4D Printed Self‐Sustained Soft Crawling Machines Fueled by Constant Thermal Field

Environmentally fueled sustainable autonomous locomotion is an advanced intelligent behavior analogous to unconscious actions in biological organisms, such as heartbeat and peristalsis. In this study, a self‐sustaining oscillating soft robot is introduced with eccentric hinge structures inspired by the crawling locomotion of mollusks. A parameter‐encoded 4D printing method is utilized to pre‐program local strain of the eccentric hinge structure, and thus endows the soft robot with sustainable crawling motions under constant thermal field. Through the coupling design of substrate friction, eccentric hinge constitution, and the substrate temperature, the soft robot can achieve tunable crawling, rolling, and oscillating. Two applications, namely an optical chopper and a power generator are presented as proof of concepts. This work offers a viable solution for soft robots for applications in constrained environments such as the aerospace and medical fields.

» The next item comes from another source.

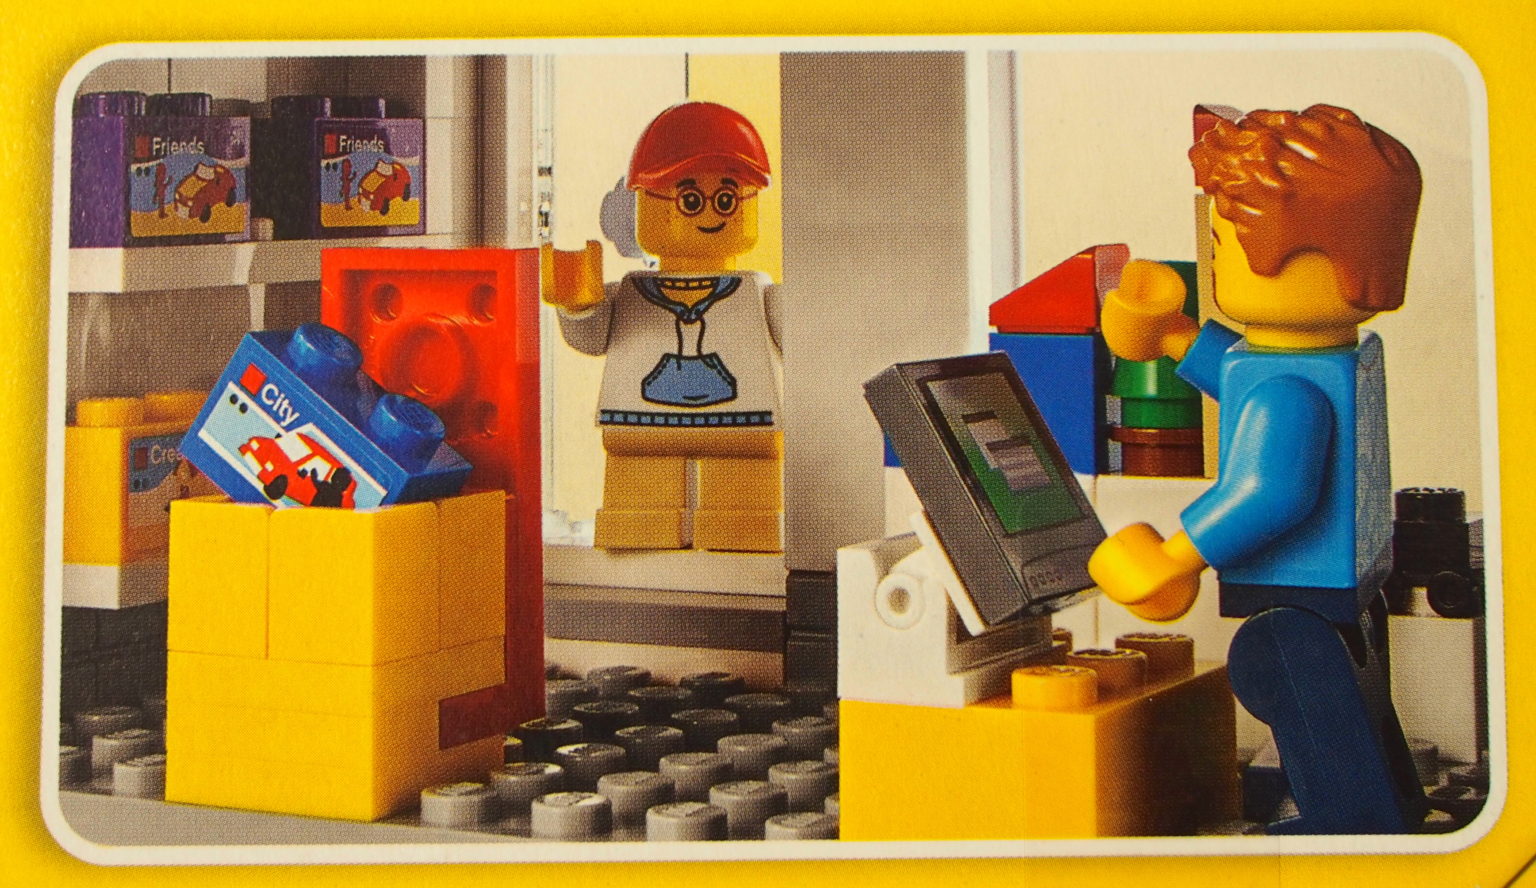 かわいいレゴ(R)ブランドストアセット「LEGO Brand Store 40305」 購入レポート – おもちゃのニュース – toymim
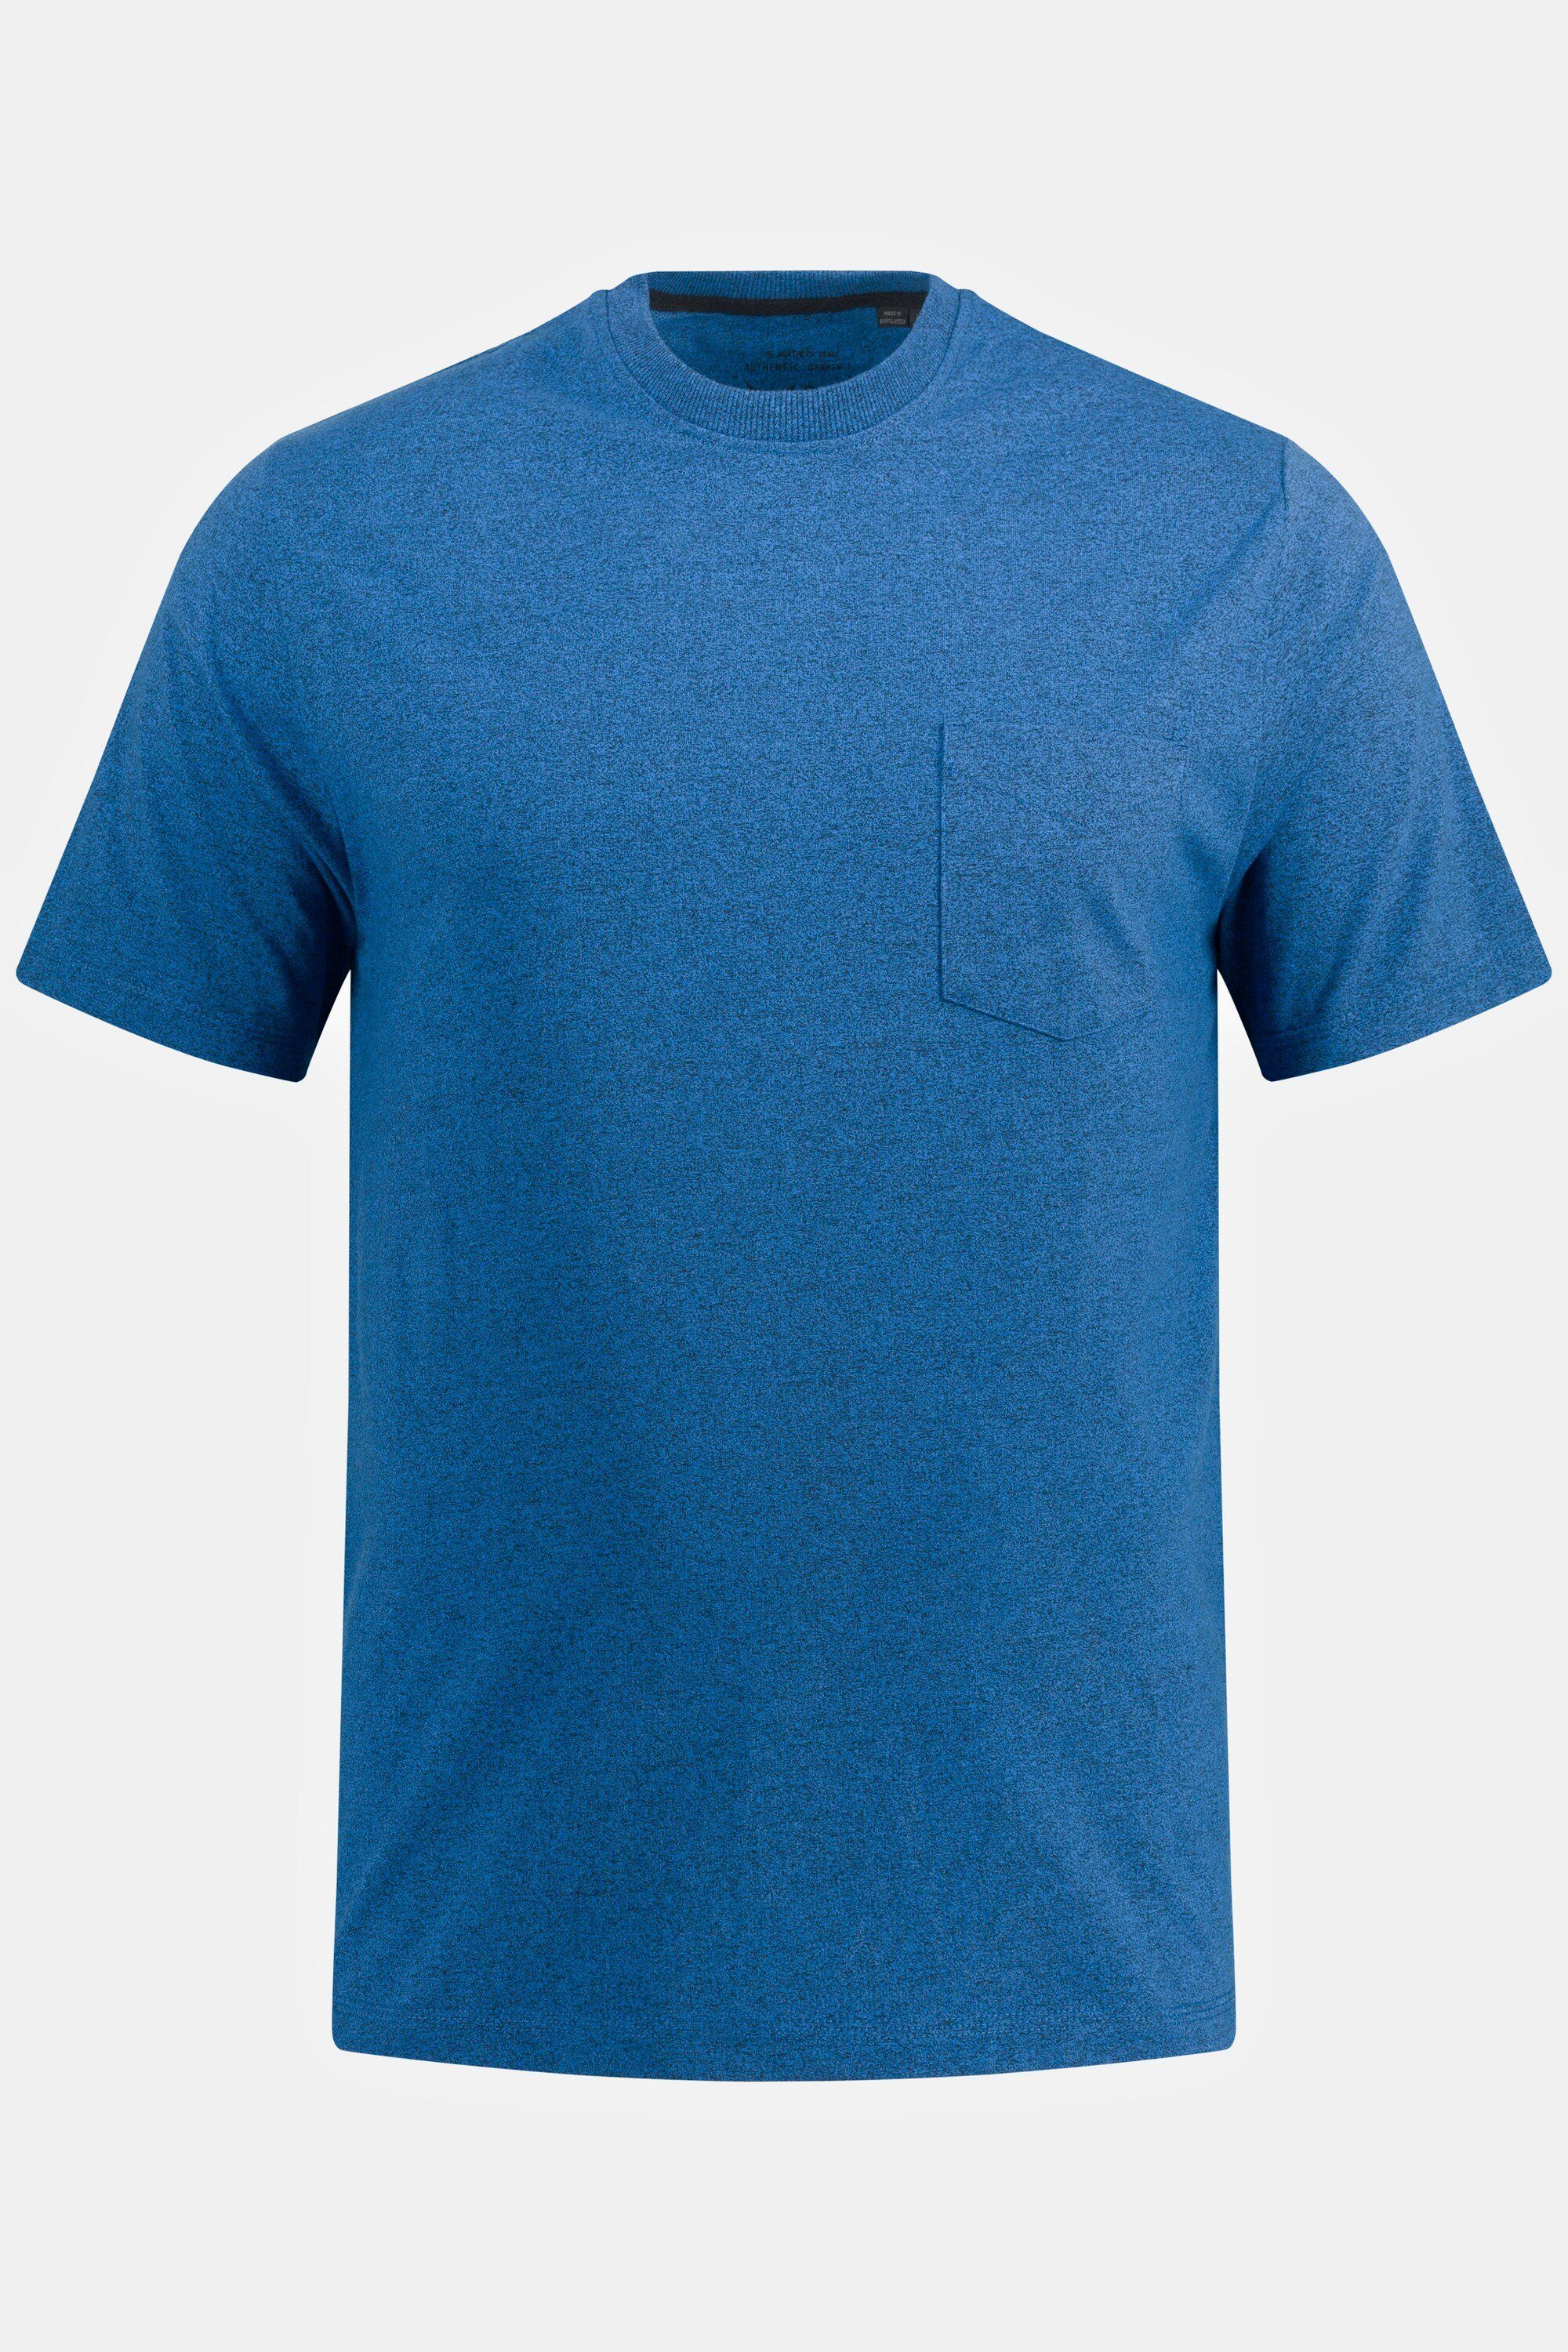 JP1880 T-Shirt T-Shirt Rundhals mittelblau Brusttasche Halbarm

This study introduces a self‐sustaining oscillating soft robot with eccentric hinge structures inspired by mollusk locomotion. Employing a parameter‐encoded 4D printing method, it pre‐programs local strain for sustainable crawling under constant thermal fields. Tunable crawling, rolling, and oscillating motions are facilitated by coupling substrate friction, hinge constitution, and temperature, showcasing the full potential of 4D printing.